Beitragvon Stuntman Marc » So 9. Feb 2014, 21:41

Schweißen mache ich ja normal selber, aber nicht an der Außenhaut. Da lasse ich den Profi ran. Bedeutet sonst nur mehr Arbeit und Zeit.

Ja, etwas. Wobei ich nicht behaupten kann, dass die späteren Modelle besonders schlechter sind. Die Konstruktion der hinteren Radläufe ist einfach für'n Arsch! Das verwendete Dichtmittel wird völlig spröde und Salzwasser kann hervorragend eindringen. Das frist sich dann hoch. Der E36 323i von 1995 meines Arbeitskollegen ist soweit, dass ich durch das geschlossene Auto eine Mütze werfen kann. Das hintere Radhaus ist völligst fertig. ALLES! Türen gammeln. Wagenheberaufnahmen sind so durch, dass sie bereits nachgeben. Dementsprechend werden die Schweller großflächig im Arsch sein. Der hat 30.000 km weniger runter. Kannst'e nur noch schlachten und den Rest wegschmeißen.

Alles eine Sache der Pflege. Ich wasche daher meinen E39 bei Salz-Wetter ein Mal die Woche. Und sonst höchstens alle zwei.

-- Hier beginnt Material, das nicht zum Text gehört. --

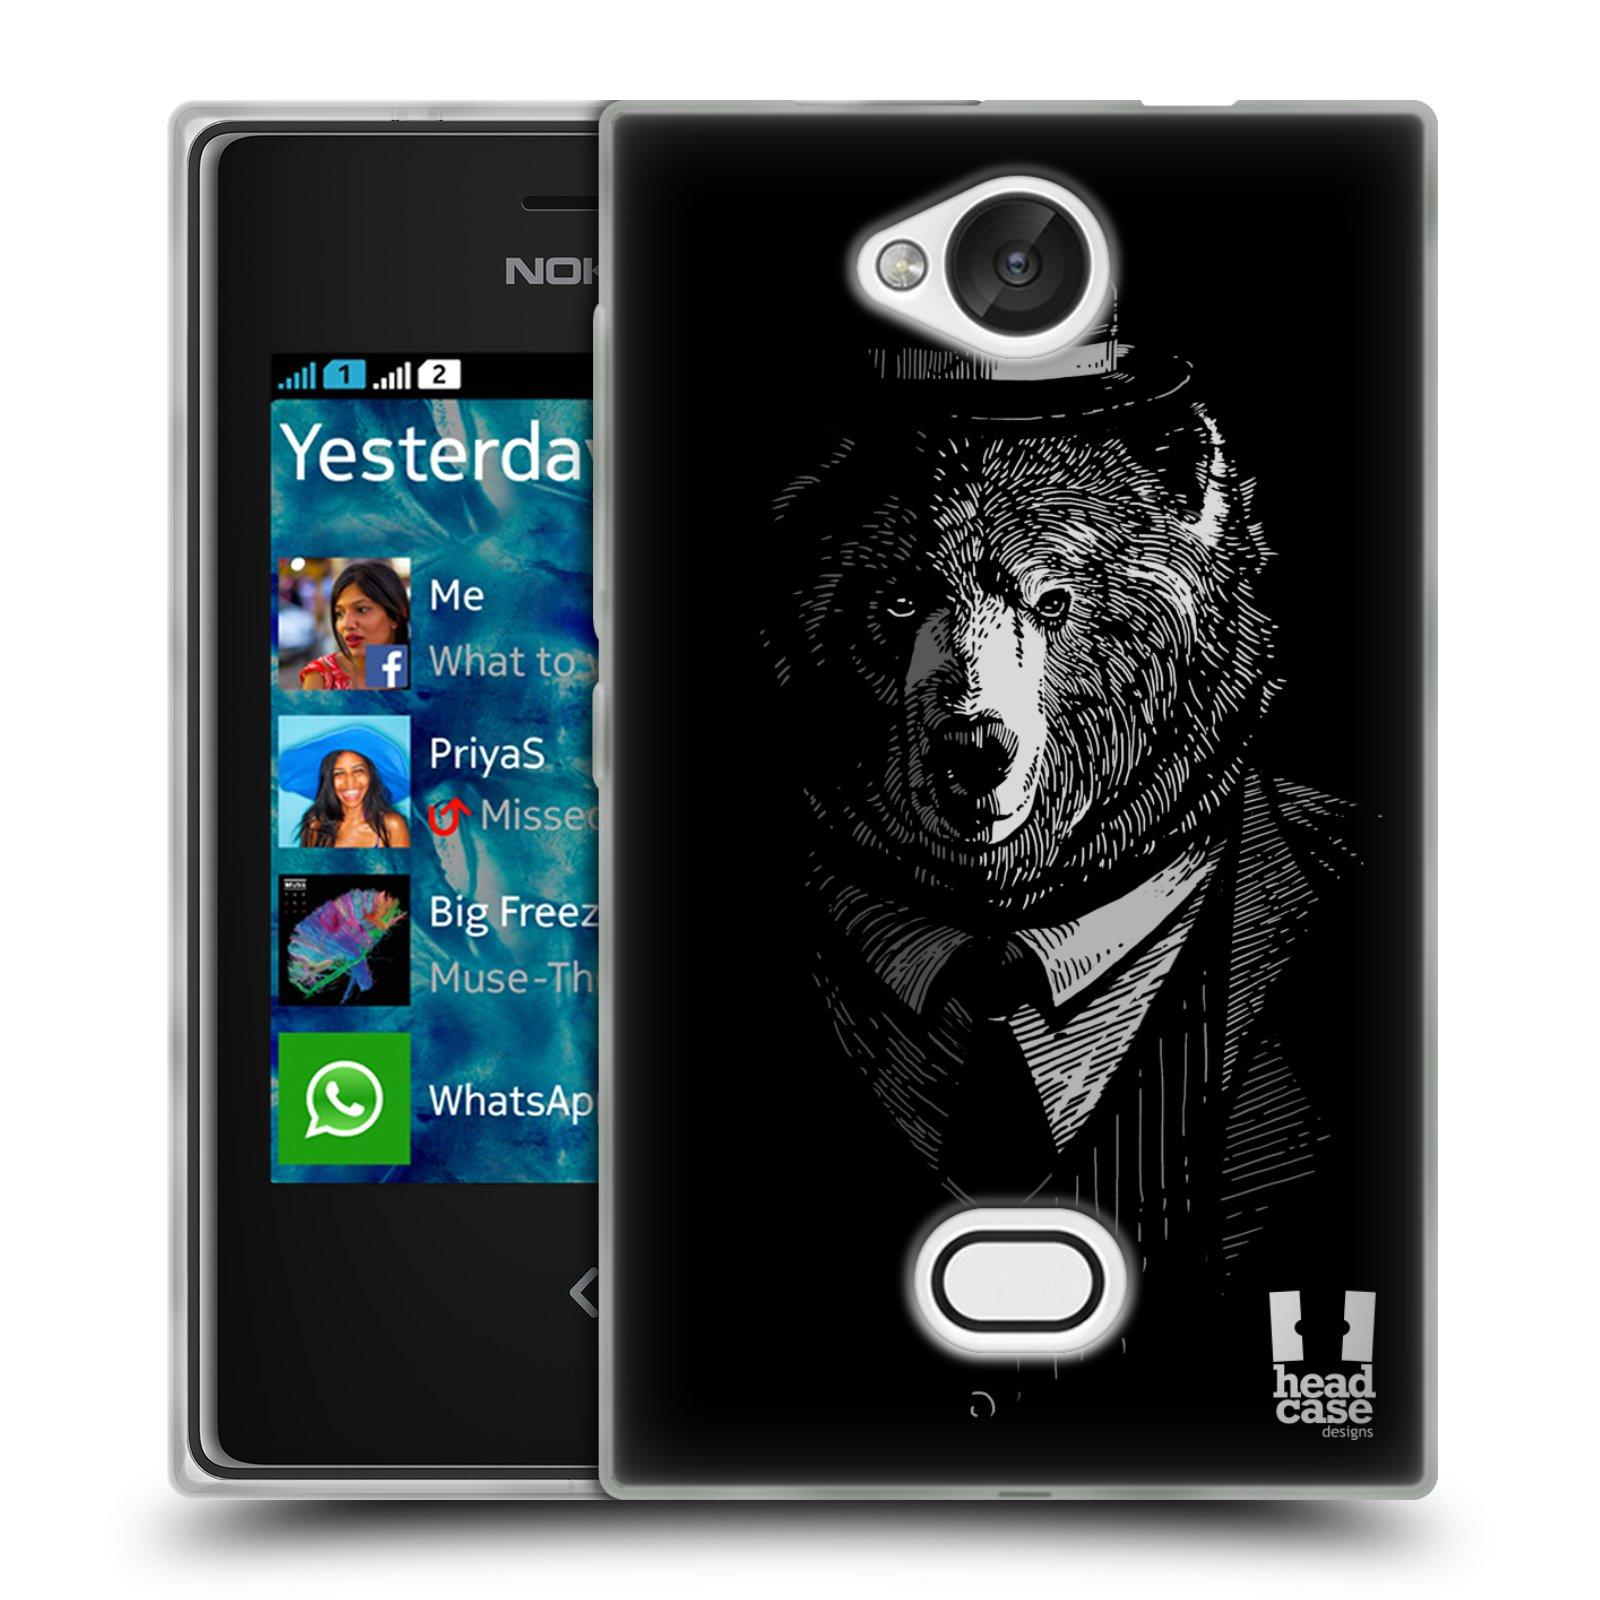 HEAD CASE silikonový obal na mobil NOKIA Asha 503 vzor Zvíře v obleku medvěd
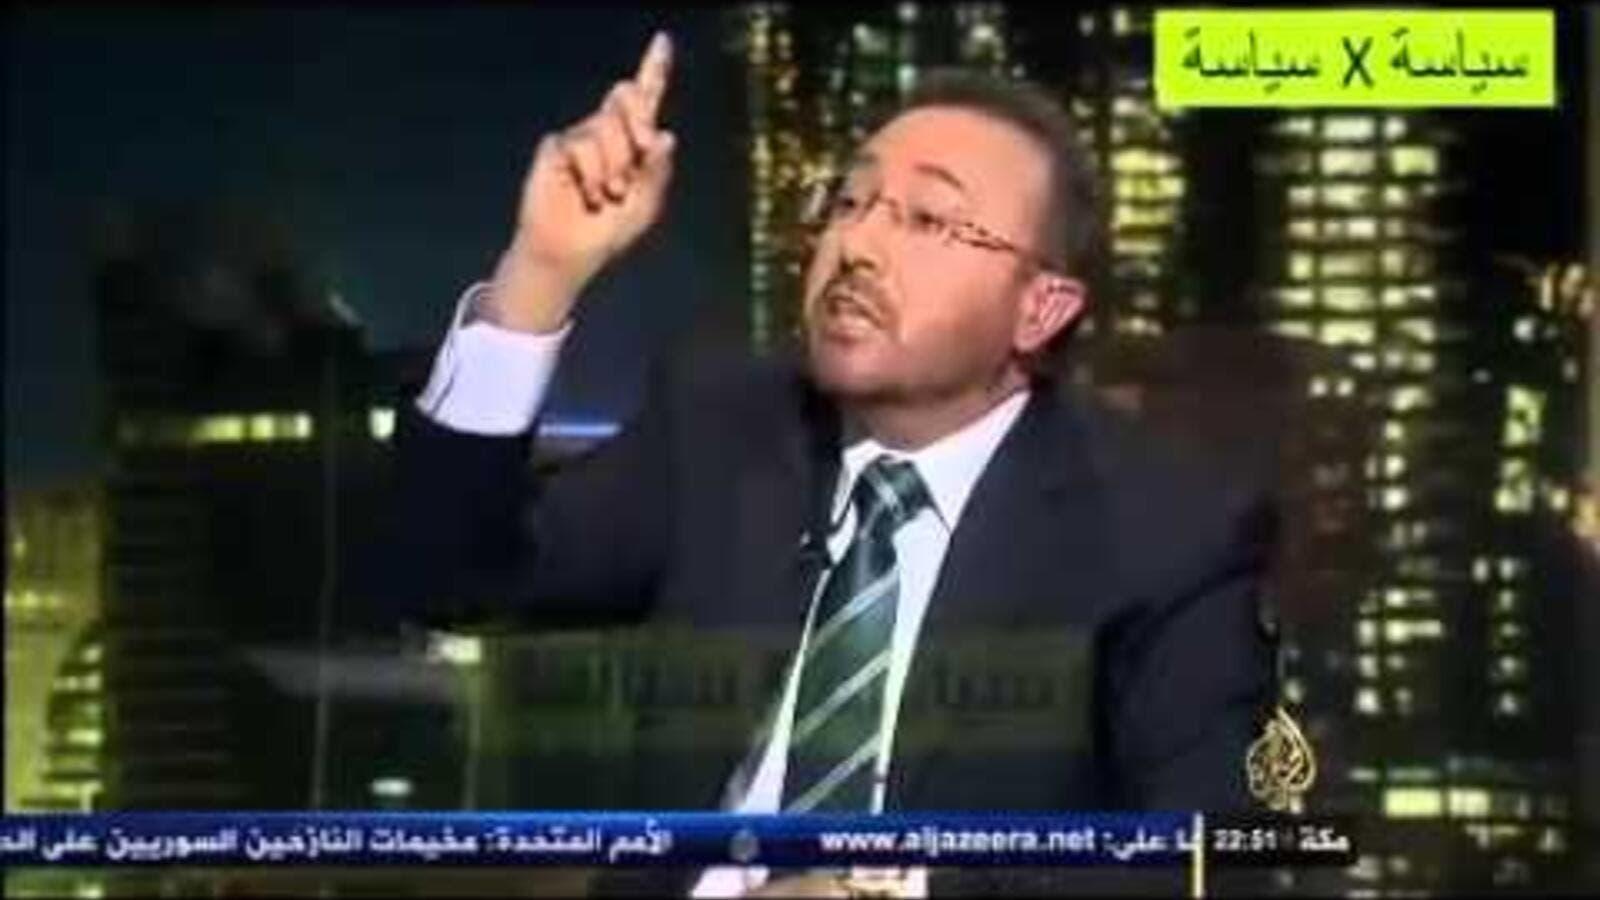 Al Jazeera presenter Faisal al-Kasim trolls Syrian army on

Morgen will ich den vorderen Federdom machen. Bis zum Wochenende will ich auf der anderen Seite anfangen. Da wartet auch noch Arbeit auf mich. Sieht aber allgemein besser aus. Die vordere Tür kann ich auch noch etwas entrosten.
Und dann wird konserviert, damit's nicht gleich wiederkommt. Denke für's Lackieren haben wir auch eine Lösung parat.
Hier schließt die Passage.